Куртизаны, исчадье порока,

За позор мой вы много ли взяли?

Надо мною смеялись жестоко,

Но расплата не кончена, нет!

Безоружен, осмеян несчастный...

Но мой гнев не будите напрасно!

Для того все ничтожны преграды,

Кто пришел честь семьи защищать.


Куртизаны, исчадье порока,

За позор мой вы много ли взяли?

Вы погрязли в разврате глубоко,

Но не продам я честь дочери моей!

Безоружен, я боязни не знаю -

Зверем вам кровожадным явлюся!

Дочь мою я теперь защищаю;

За нее сам готов жизнь отдать[56].



Столь же показательны сравнения арий Джильды «В храм я вошла смиренно», Герцога «Вижу голубку милую» и других эпизодов[57]. Между тем автор перевода в клавире 1934 г. вообще не назван!

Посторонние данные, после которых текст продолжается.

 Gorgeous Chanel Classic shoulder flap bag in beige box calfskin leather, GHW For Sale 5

Еще более удивительна история с переводом «Кармен». Из хранящегося в РГИА документа «О приобретении от г-жи Горчаковой[58] перевода оперы «Кармен» и права на постановку ея на Императорской сцене Русского оперного театра»[59] явствует, что в 1883 г. А. А. Горчакова выполнила заказ театральной дирекции, за что ей было назначено к выплате 400 рублей, а затем по ее настоянию сумму увеличили до 600 рублей. Что же представляла собой работа Горчаковой? По большей части это был либо несколько облагороженный, либо вообще нетронутый текст Лишина. Рознится немногое - в том числе куплеты Тореадора:


Лишин

Тост, друзья, охотно принимаю.

Тореадор солдату друг и брат.

Уже за то солдата уважаю,

Что в бой вступить всегда готов и рад[60].


Горчакова

Я ваш тост, друзья, принимаю,

Ведь с вами мы, как близкая родня!

Солдатам руку я предлагаю -

Тореросы, как вы, в бою врагам гроза[61].

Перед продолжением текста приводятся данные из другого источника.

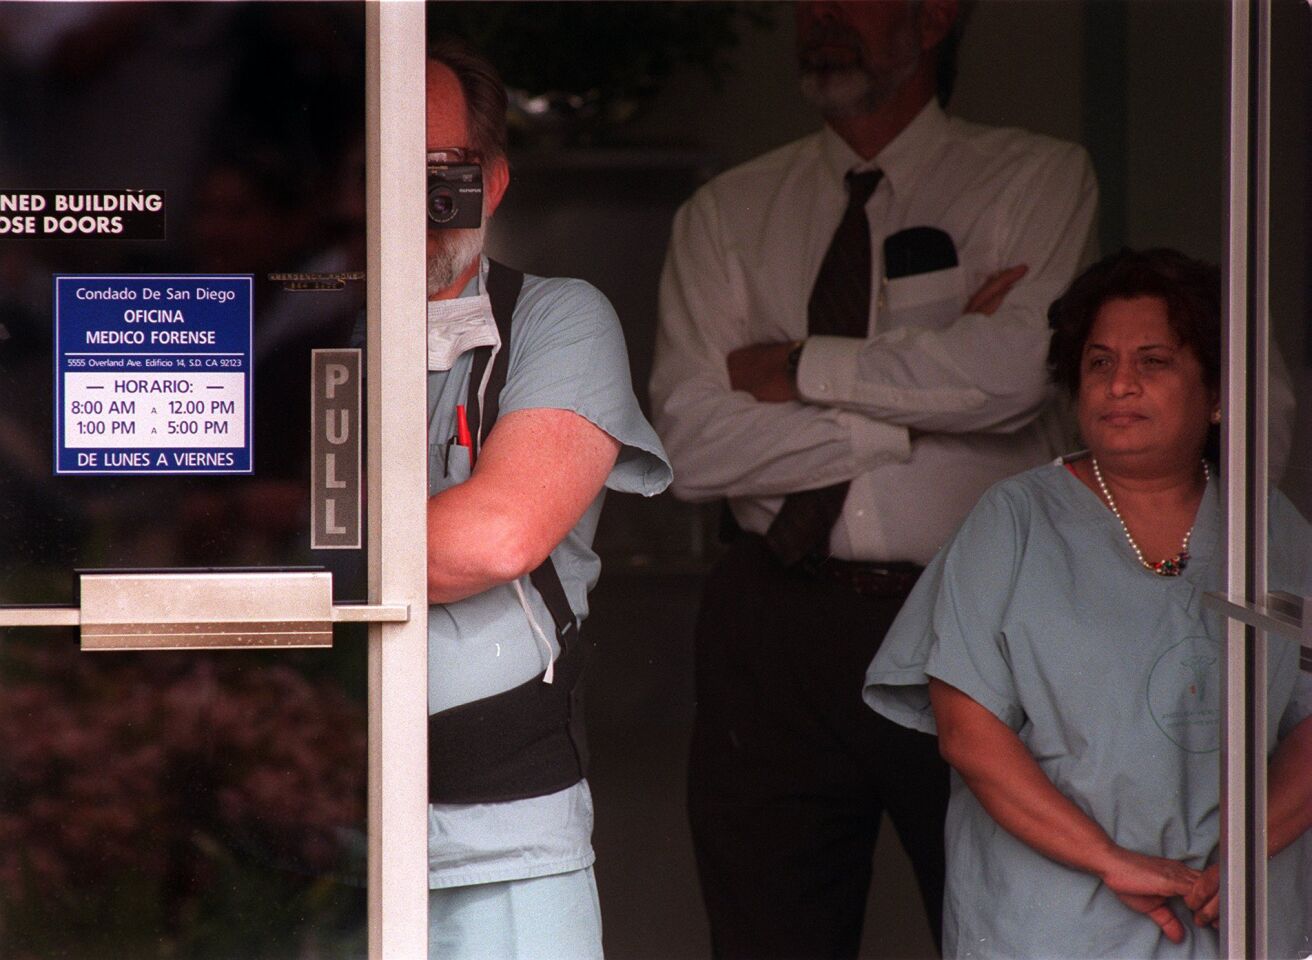 San Diego County Medical Examiner's Office personnel watch and take photographs from the doorway of their office during a news conference on the Heaven's Gate mass suicide in March 1997.

Разумеется, в обоих приведенных отрывках изрядно «хромают» рифмы, просодия и стихотворный метр. В результате в изданный в 1981 г клавир вошел вариант исправленный, но очень близкий именно лишинскому:


Тост, друзья, ваш я принимаю

Тореадор солдатам друг и брат.

Храбрость солдата я уважаю;

Он, как мы, в бой вступить всегда очень рад[62].


И далее в куплетах без особенных изменений оставлен текст Лишина:


Лишин

Уж полон цирк. Ждут представленья.

Толпа кишит - куда ни глянь.

Народ в каком-то упоеньи:

Молва и крик, и спор, и брань.


Клавир 1981 г.

Цирк полн, и ждут представления!

Толпа кипит, куда ни глянь!

И весь народ в страшном волненье,

Говор и крик, а подчас и споры, и брань![63]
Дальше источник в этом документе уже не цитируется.